Pick your spots well. Choose well-traveled, well-lit areas. If possible, keep a wall at your back so you can see who’s around you. Keep whatever you’re collecting money in close at hand and in view. Bonus if you can convince a friend to come along and keep an eye on your tip jar. Your safety is more important than money, so if you’re ever uncomfortable, don’t hesitate to pack up and move on, or call the police. If you do get robbed, don’t give chase or engage. The money’s not worth it if the robber is armed, crazy, desperate, or all of the above.

Try to make it comfortable.

Your listeners will appreciate a place to sit down. If you can set up near a planter or fountain that offers a place for people to perch, great. Consider places with grass and shade nearby, and maybe lay down a few blankets. If your budget stretches to it, consider buying a couple of folding chairs or stools like tailgaters and campers use. Set them out around your area as seating. And don’t forget some seating for yourself!

Be respectful of others.

If you’ve had your spot for a while and someone else wants it, move along. Similarly, don’t crowd into someone else’s space. Don’t block entrances, crosswalks, or other through-fares. Clean up any trash in your area before you leave. Don’t annoy the people who have to be around you like shopkeepers. Maybe buy a drink or snack from a neighboring mini-mart or restaurant to engender a little goodwill.

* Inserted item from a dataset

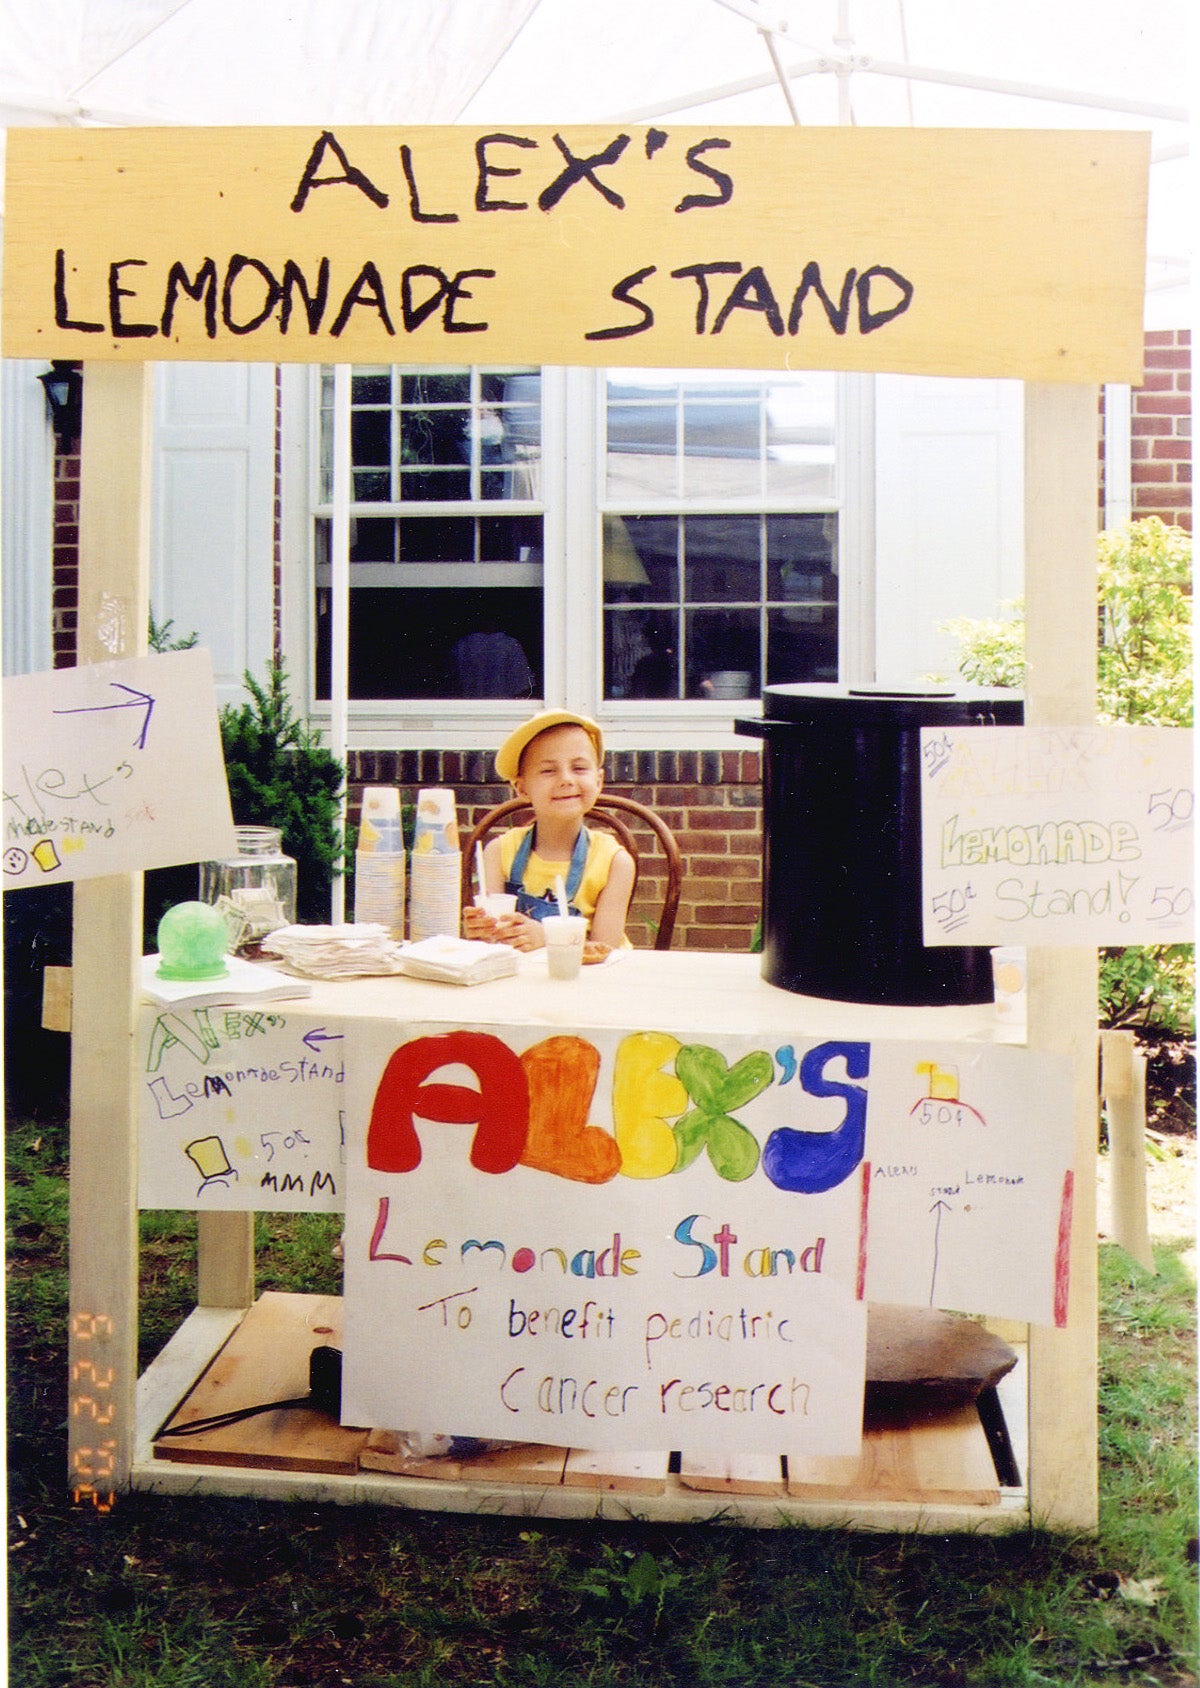 About Alex's Lemonade Stand

Busking likely isn’t going to net you big money, but it might be a viable side gig, if your jurisdiction allows it. Bonus if you’re a good performer with good stories to tell. Quality stuff is important. No one’s going to listen to crap. If nothing else, it can serve as a fun new marketing tool in your arsenal. It’s a way to get out and meet people without the hassle of a full blown signing at a bookstore. Bonus: You might attract people who rarely set foot in bookstores, but who will sit and listen to a story over lunch.